Hypatia, the best known painting of the English painter Charles William Mitchell and presently on display at the Laing Art Gallery, Newcastle upon Tyne, England, was likely inspired by the Charles Kingsley novel ‘Hypatia, or New Foes with an Old Face’, depicting the life of the philosopher, astronomer and mathematician of the same name, who lived in Alexandria, the then part of the Eastern Roman Empire, where she taught philosophy and astronomy.
While Hypatia was the first female mathematician whose life is reasonably well recorded, Charles William Mitchell was an English Pre-Raphaelite painter, who was born just after the dissolution of the Pre-Raphaelite Brotherhood and was clearly influenced by another English Pre-Raphaelite painter, John William Waterhouse.
The story of Hyptia is stranger than fiction. Possibly born between 350 and 370 AD, in a men dominated world, she remained unmarried and dedicate her life for science and teaching.
Known for her dignity and virtue, she headed the Neoplatonic School in Alexandria, where she taught philosophy and astronomy, and was loved and appreciated for her method of teachings by both the pagan and Christian students alike. She has been credited with writing commentaries on the thirteen-volume Arithmetica of Diophantus and also commentaries on Apollonius of Perga’s treatise on conic sections in geometry. Apart from that, she was a prominent thinker and a wise counsellor in Alexandria, used to deliver public lectures, which were attended by government officials seeking her advice on different matters, and established great influence with the political elite in Alexandria.
With the progress of time, Hypatia became more popular and at the same time influential, but her increasing popularity inspired a fatal envy in the bishop. Unfortunately, that was the time when the political situation of Alexandria was increasingly becoming complicated, as the Christians became desperate to make Alexandria a Christian city. Apart from that, her female identity earned the wrath and jealousy of her Christian adversaries, who were dogged on restricting the influence of women in every sphere.

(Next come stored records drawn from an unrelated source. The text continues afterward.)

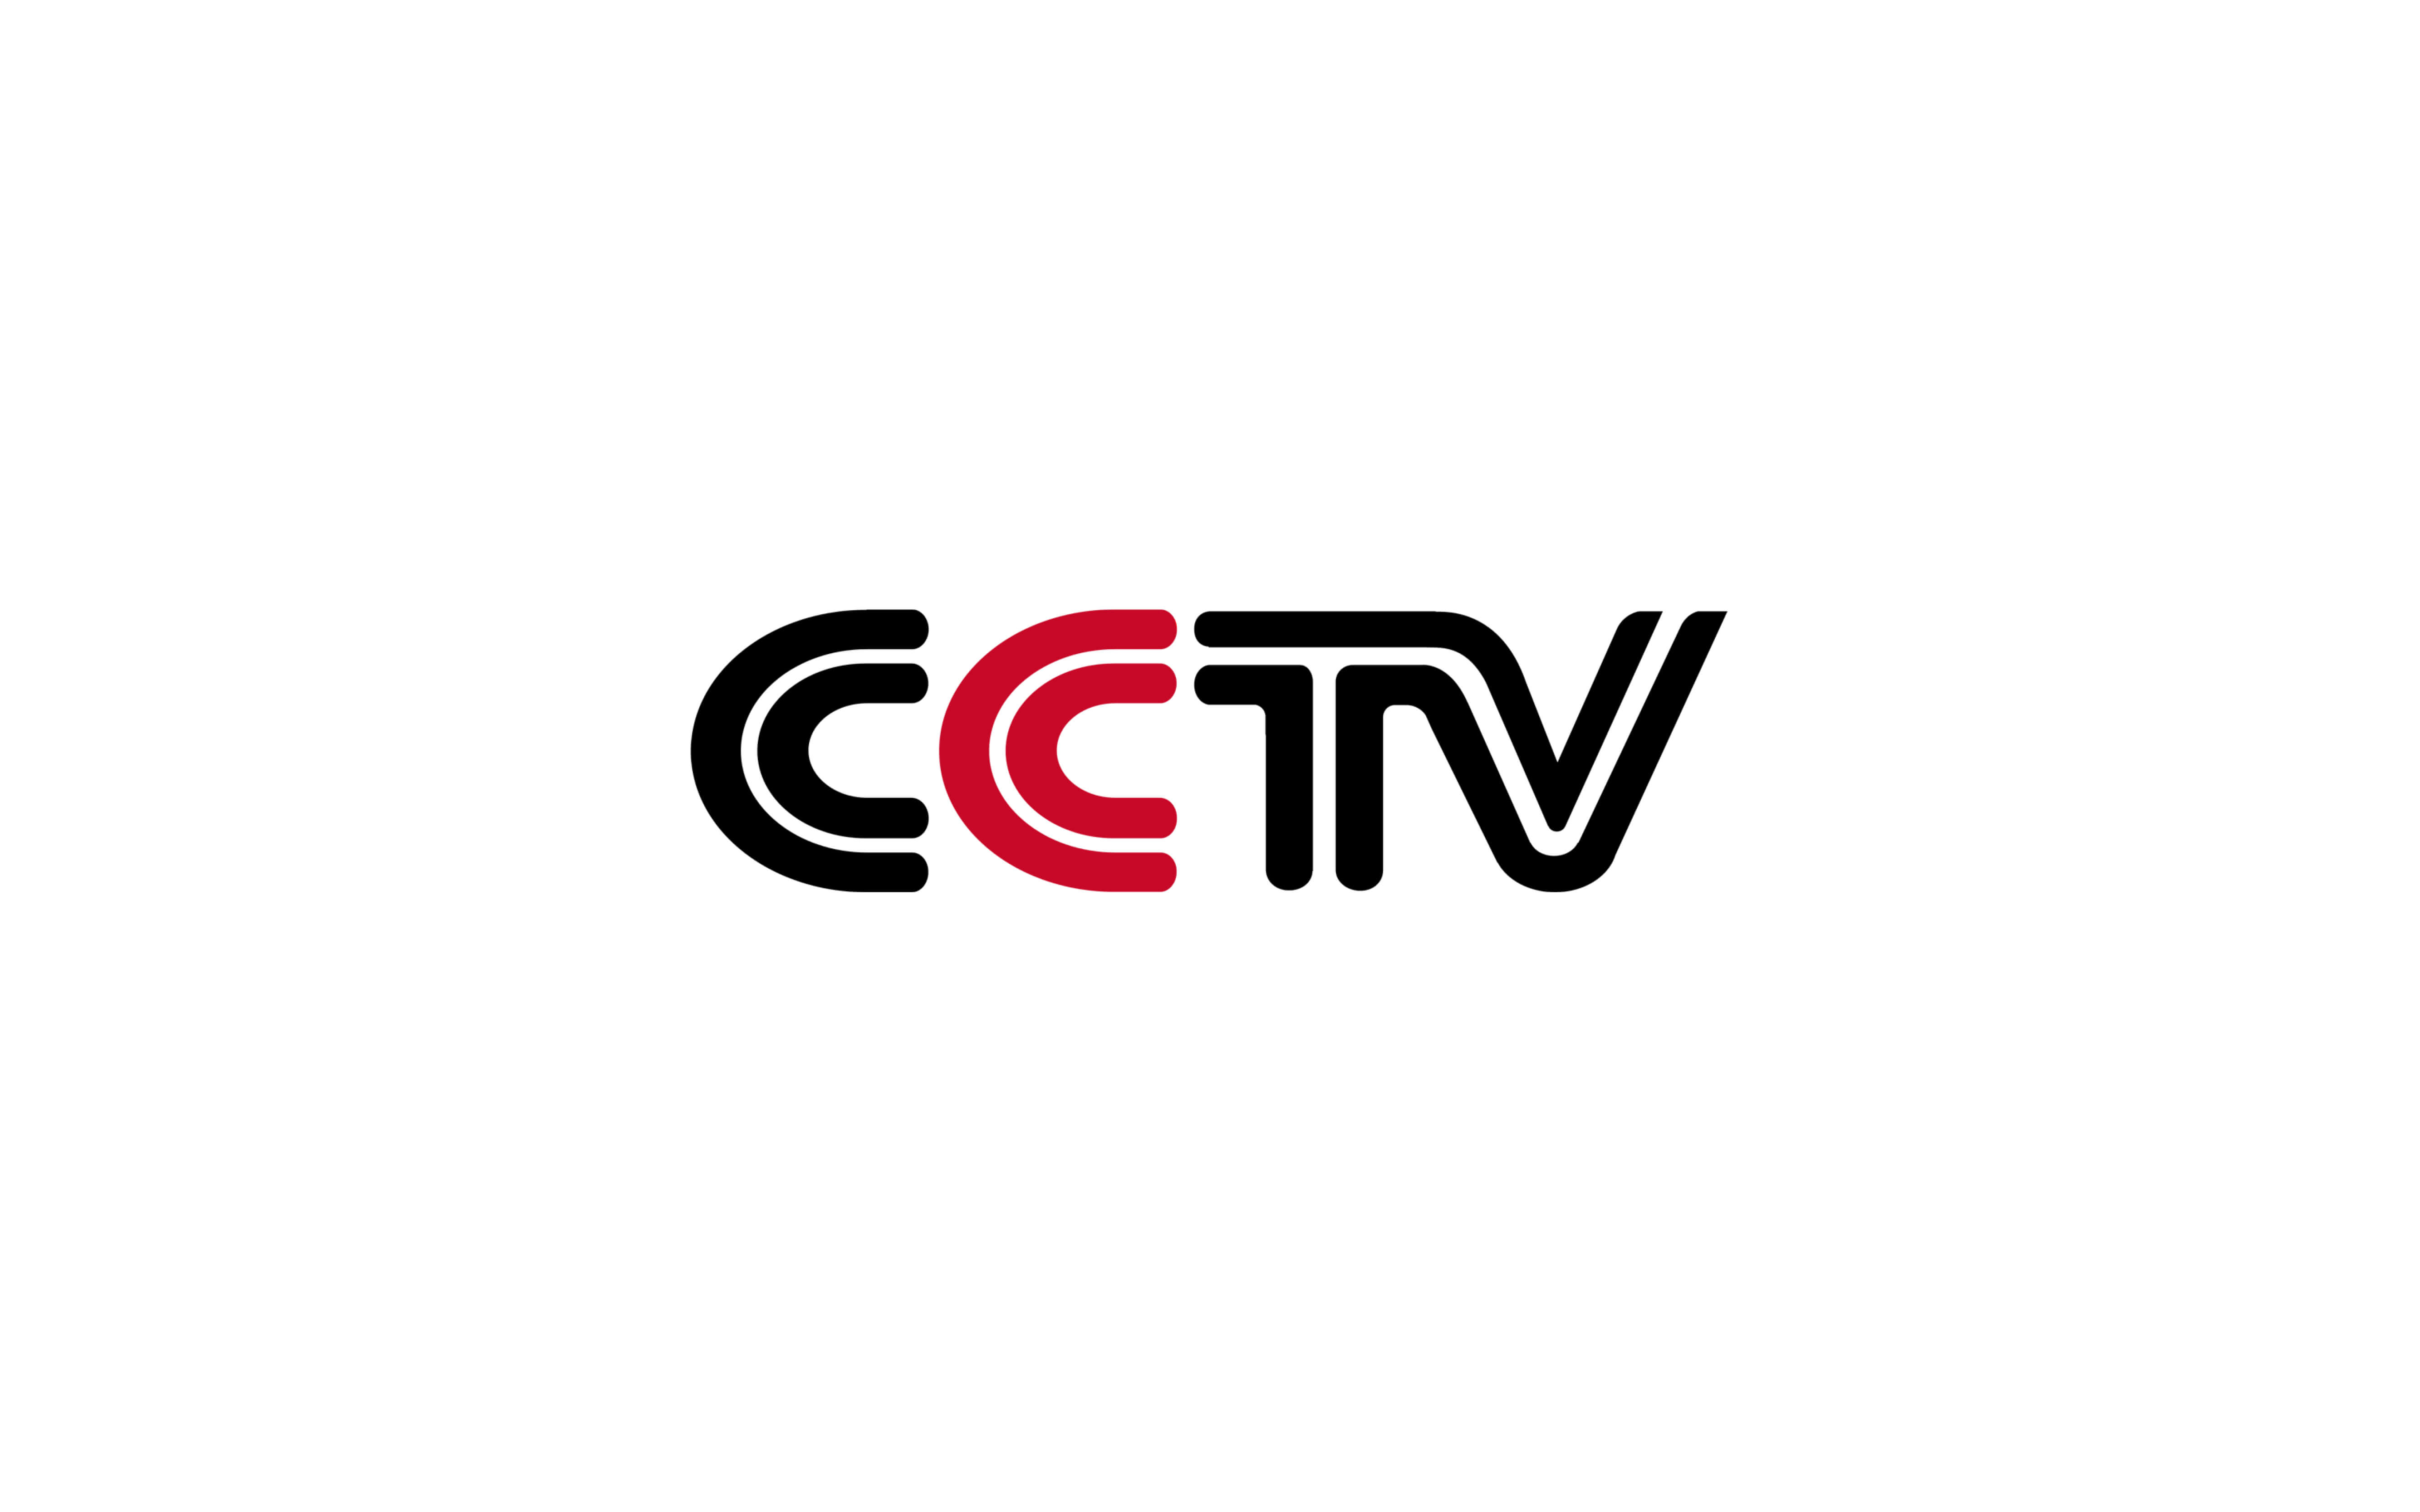 CCTV Logo - cctv logo in black and red
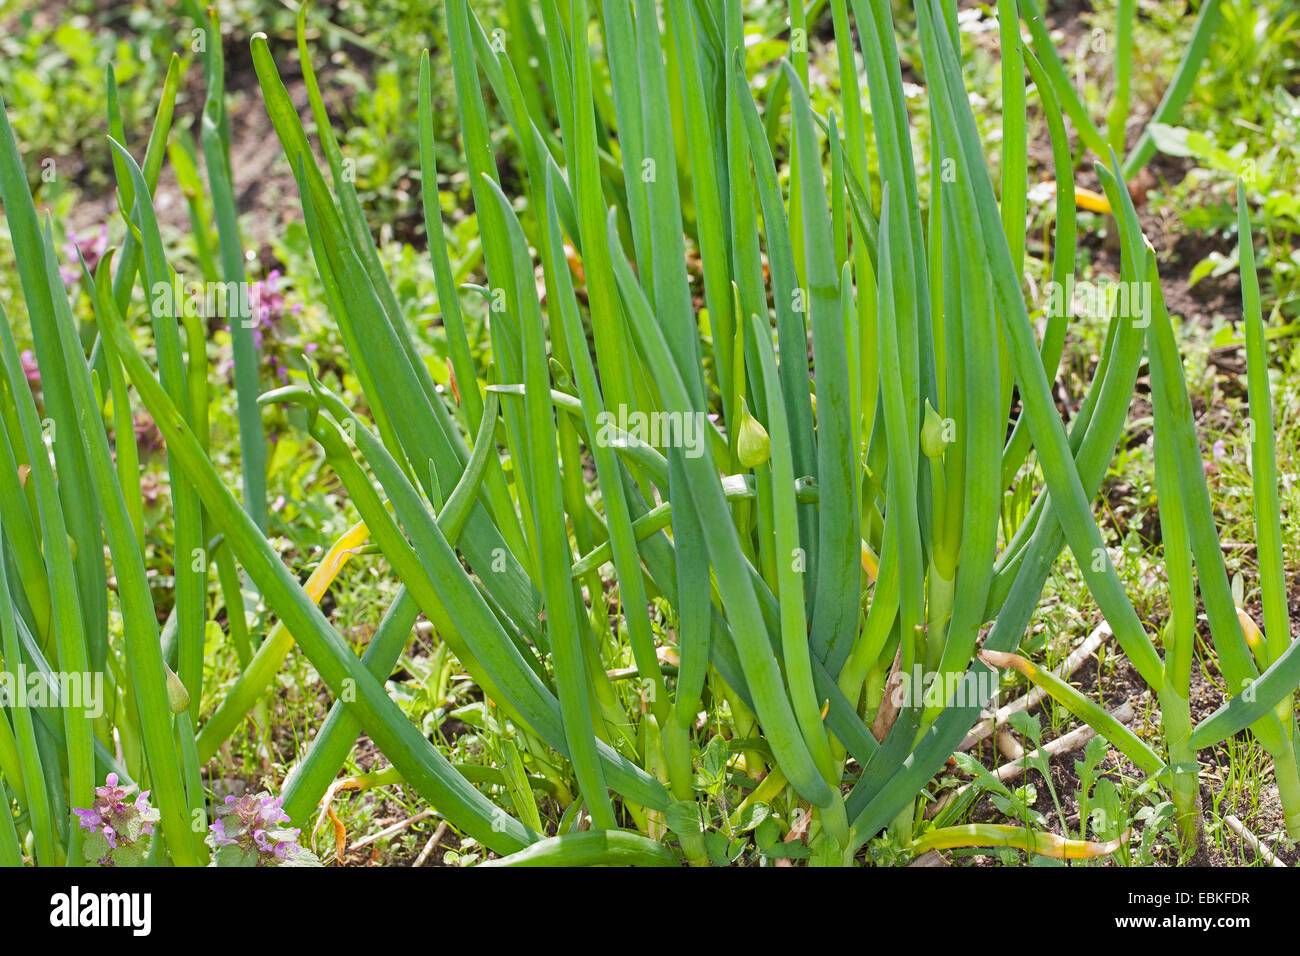 Garden onion, Bulb Onion, Common Onion (Allium cepa), plant in a garden Stock Photo
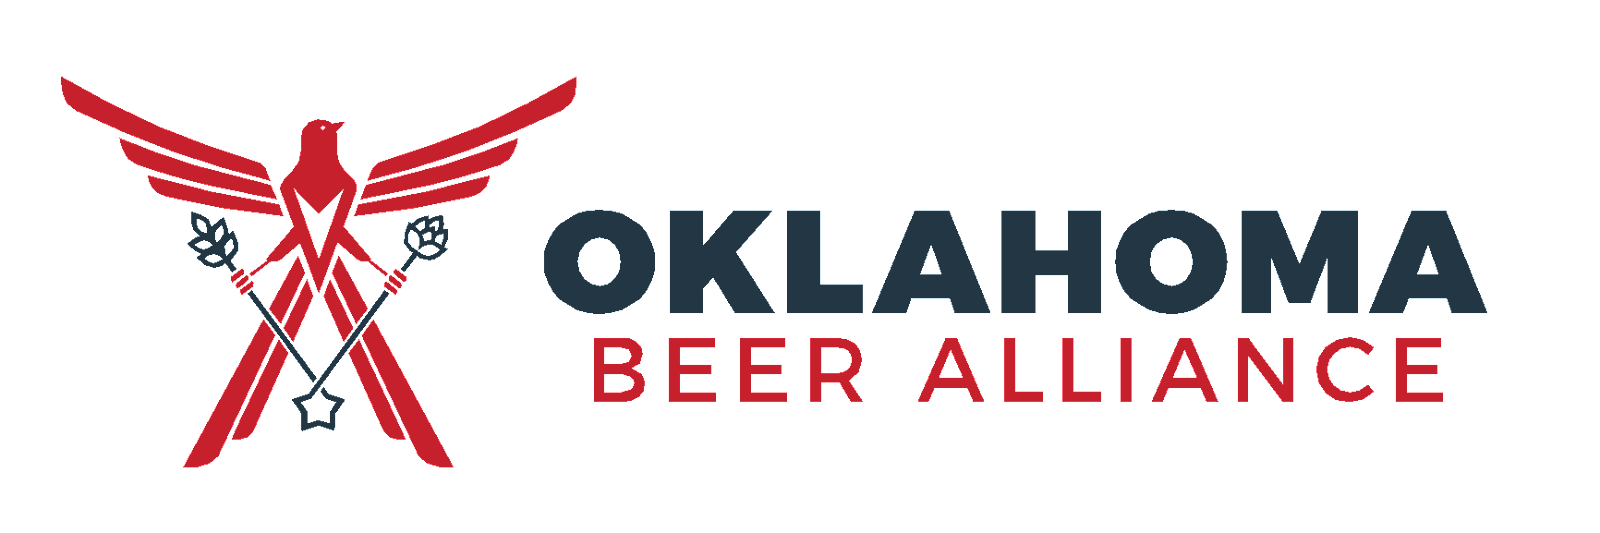 Oklahoma Beer Alliance
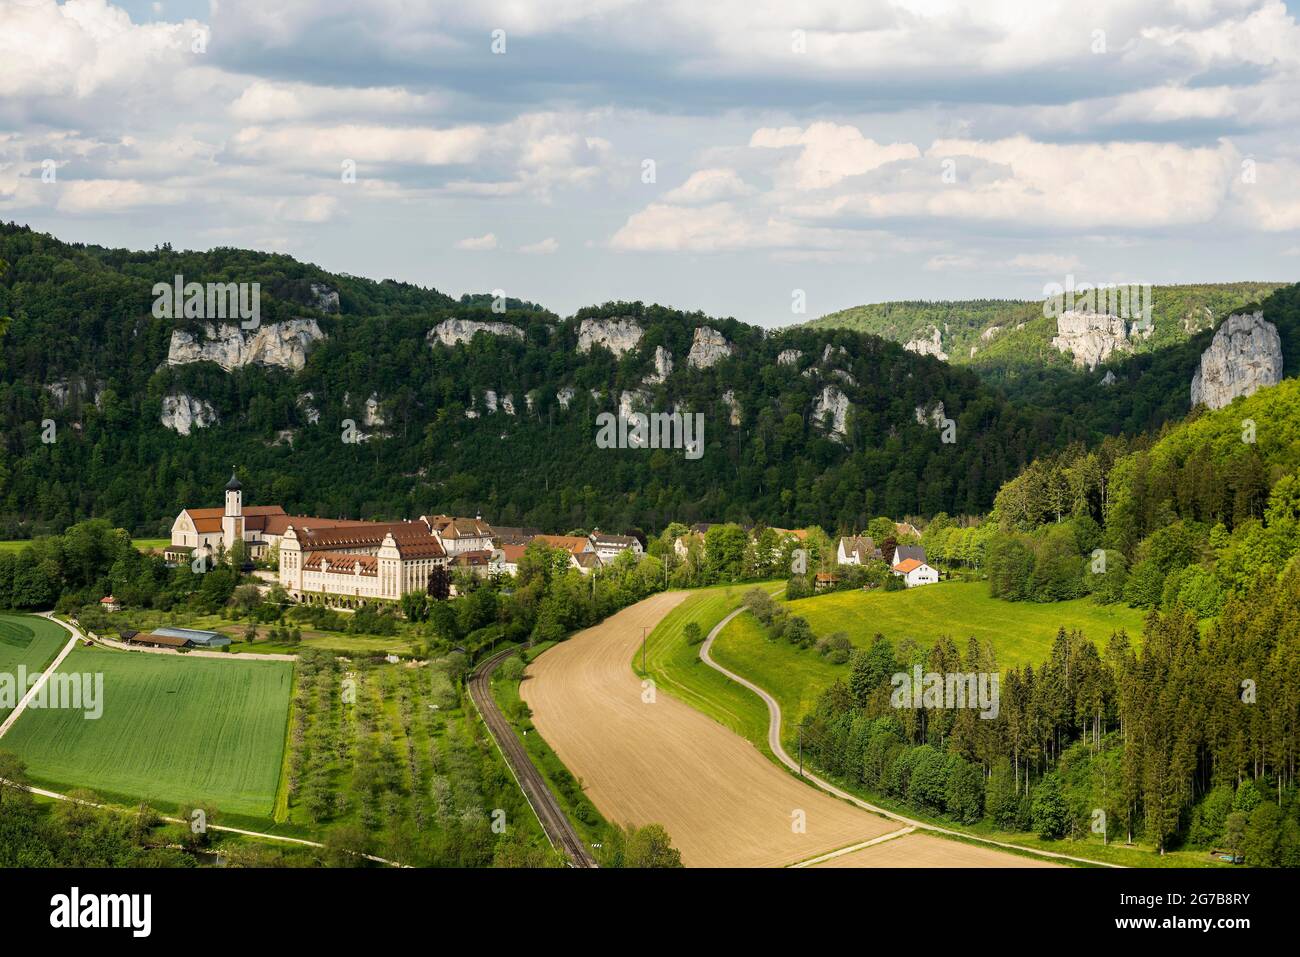 Vista dal Knopfmacherfelsen al Monastero di Beuron, vicino a Fridingen, Parco Naturale dell'Alto Danubio, alta Valle del Danubio, Danubio, Alb Svevo Foto Stock
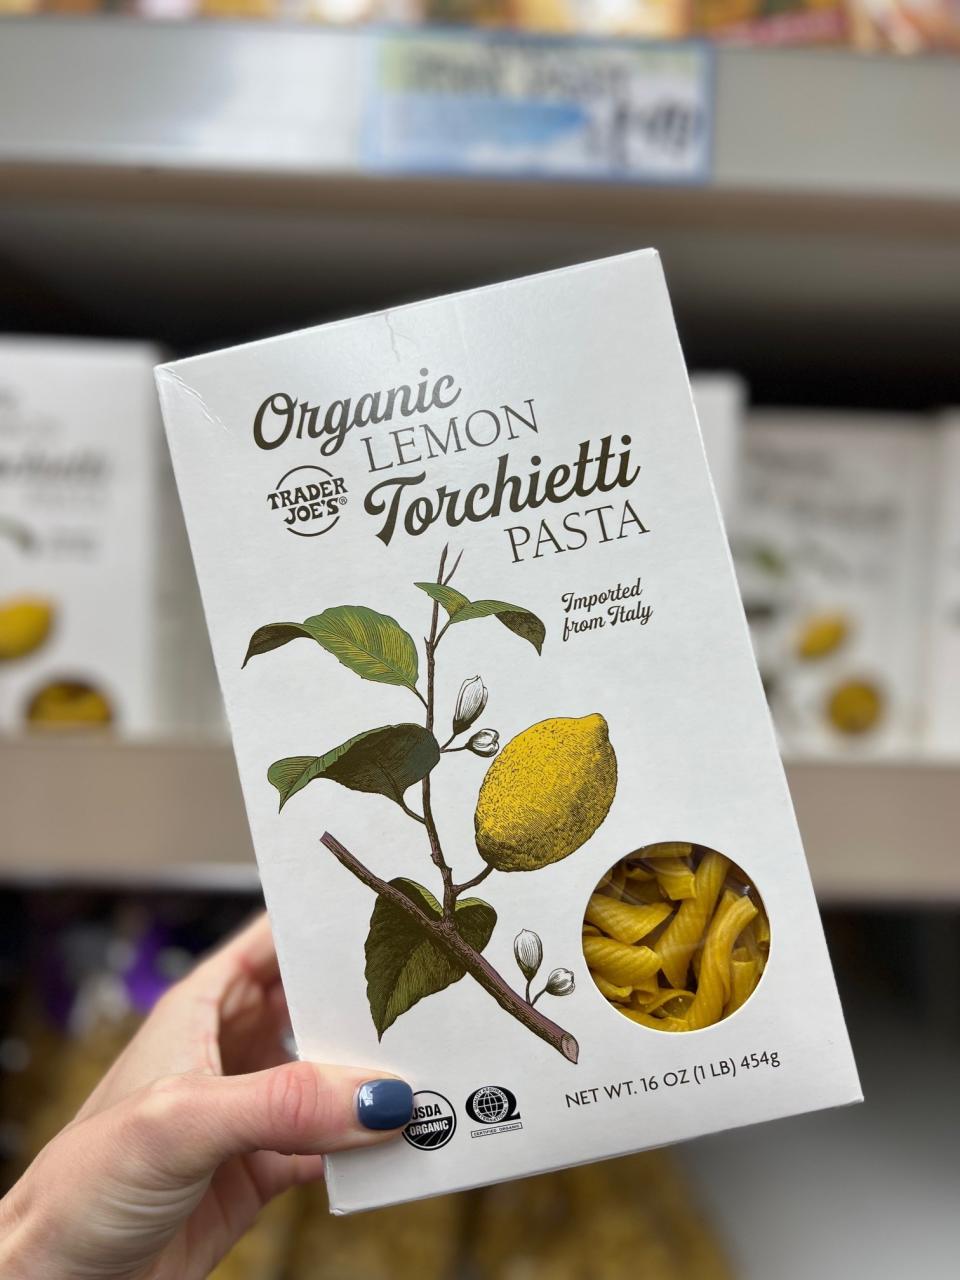 A box of Organic Lemon Torchietti Pasta

Eventually, she became embroiled in a bitter feud between Orestes, her former student, as well as the Roman governor of Alexandria, and Cyril, the Bishop of Alexandria, over local Jewish dancing exhibitions. Finally, on an early spring day in March 415 AD, a frenzied Christian mob, led by a lector named Peter, forcibly pulled down the city’s beloved and respected teacher of mathematics and philosophy from her carriage on a street in Alexandria, dragged her to a church, stripped her naked and brutally battered her to death.
Hypatia, an oil on canvas painting created in 1885 by Charles William Mitchell, depicts a beautiful young naked woman, with her long, golden tresses clasped to her right breast and also covering her genitalia, her left hand raised helplessly in the dark austere interior of a church, contrasting with her luminous beauty, leaning back against a carved stone altar, while her expression is anxious, signifying the moment before her brutal murder. The painting undoubtedly evidences the artistic genius Charles William Mitchell in creating a spectacular scene using contrasting colours, realistic details and evocative symbols. However, the painting may also signify the threatening of the barbaric forces of religious fanaticism disturbing the harmony of the nostalgic classical world.